No matter how careful you train, there will come a day when you will tweak your back.  Small, minor muscle pulls can lead to weeks of lagging muscle pain and inflammation. This is normal and faced by many athletes. The key is to let the area rest. The back is a very big muscle group. You can train around it, targeting your lats and upper back with isolation movements, perhaps scaling back the poundage and sticking with a more moderate set range while you’re working out the soreness bugs! Remember that you’re in this lifting game for the long haul, and you’re probably not competing at the Mr. Olympia show next weekend. Let your body rest and recover, and you’ll come back strong and quickly. Use the lower back down time to target your calves, biceps, forearms, or other lagging body part!

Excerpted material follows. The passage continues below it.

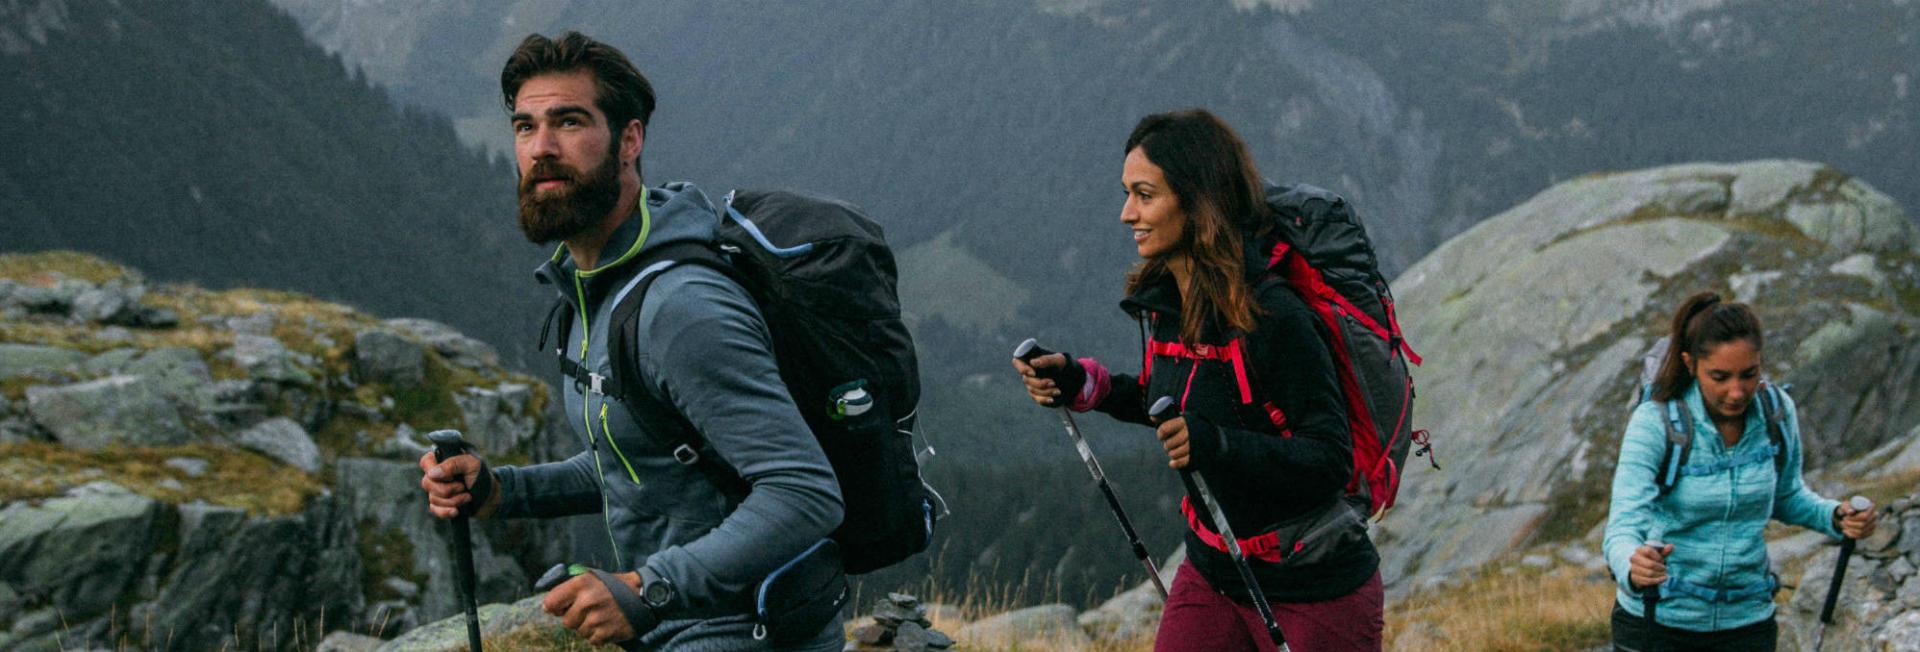 Ready To Set Off On A Hike?
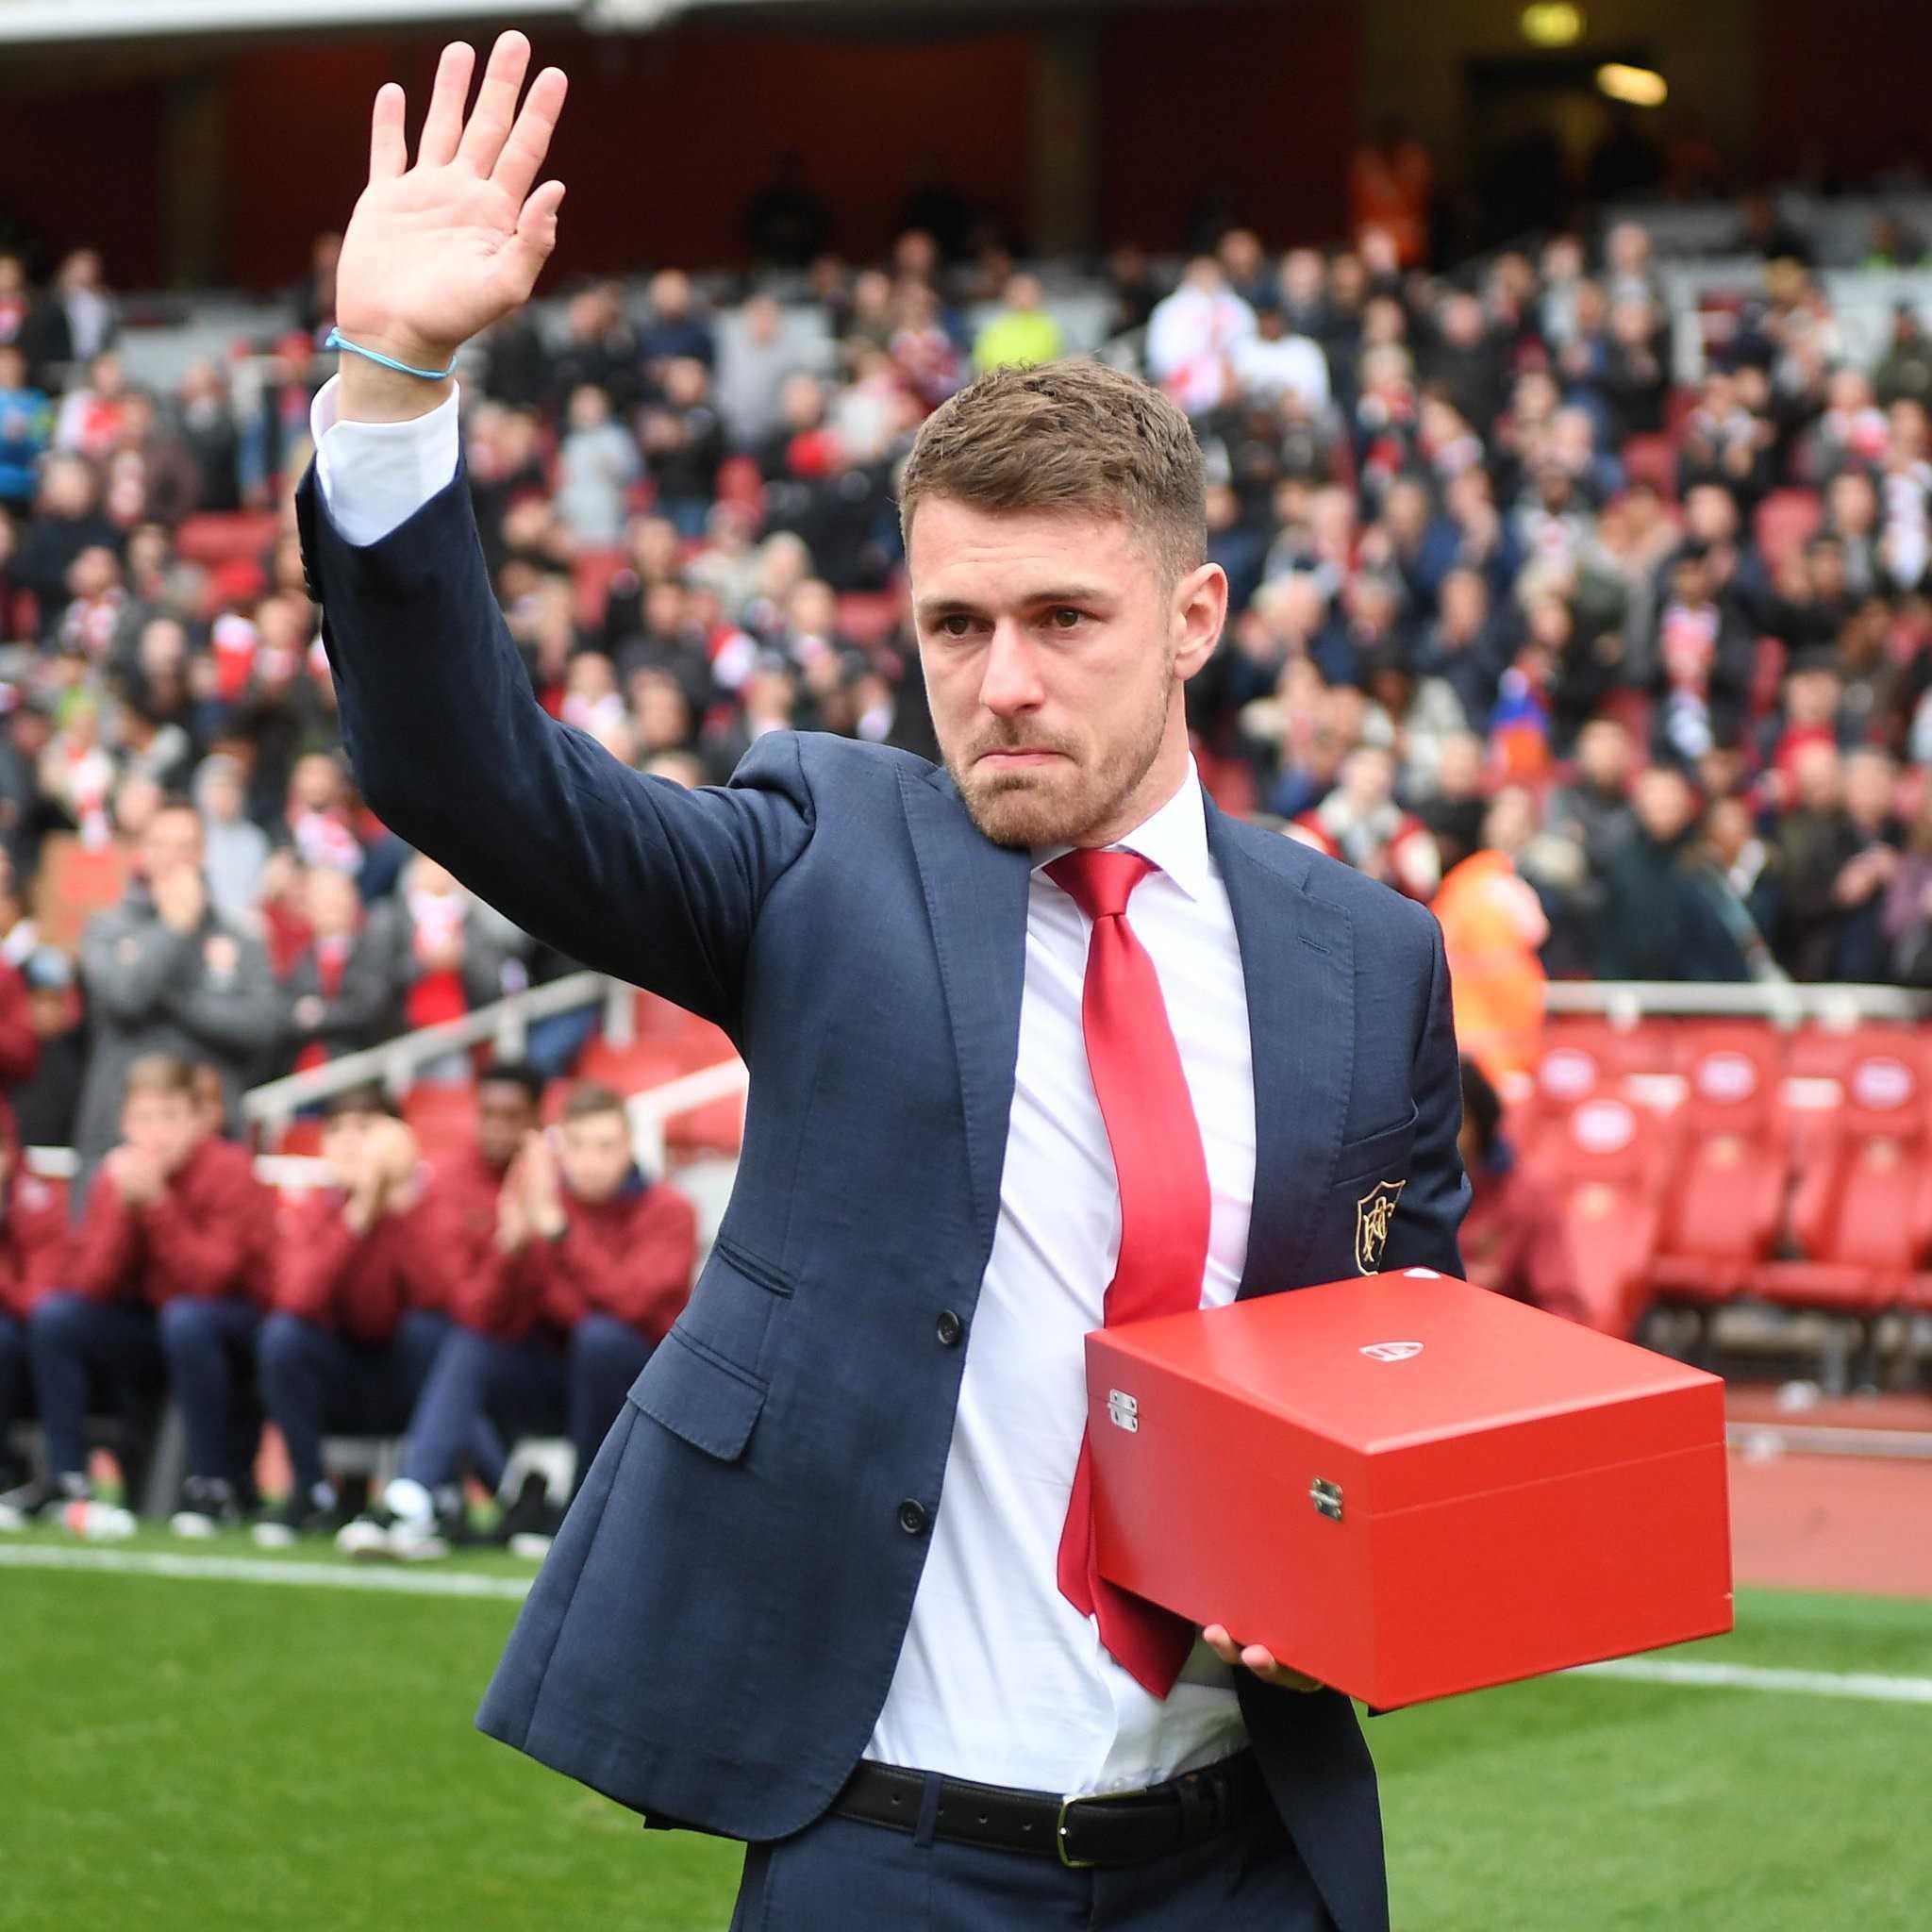 Arsenal, Ramsey saluta in lacrime l'Emirates ei propri tifosi

Defeating gravity. That is what the deadlift is all about. Doing so in the most efficient and effective manner will provide you with the quickest path to new strength levels, coupled with increased muscle mass as a result of your efforts, as long as you’re complimenting your efforts with adequate rest, nutrition, and supplementation. Don’t overlook your supplements!

Finding deadlifting success takes time. The body adjusts to the workload you thrust upon it by growing stronger, and small changes to muscle fibers lead – eventually – to new gains in muscle size and mass. Be patient in your efforts. At times, you’ll see slow and gradual results. Other times, you will see little to no change. There will be times, due to lagging energy levels, injury, soreness, or just plain stress, that your lifting performance may actually go DOWN. When this happens, you should find ways to step back, take a week off, deal with whatever stressors stand in your way, then continue down your path.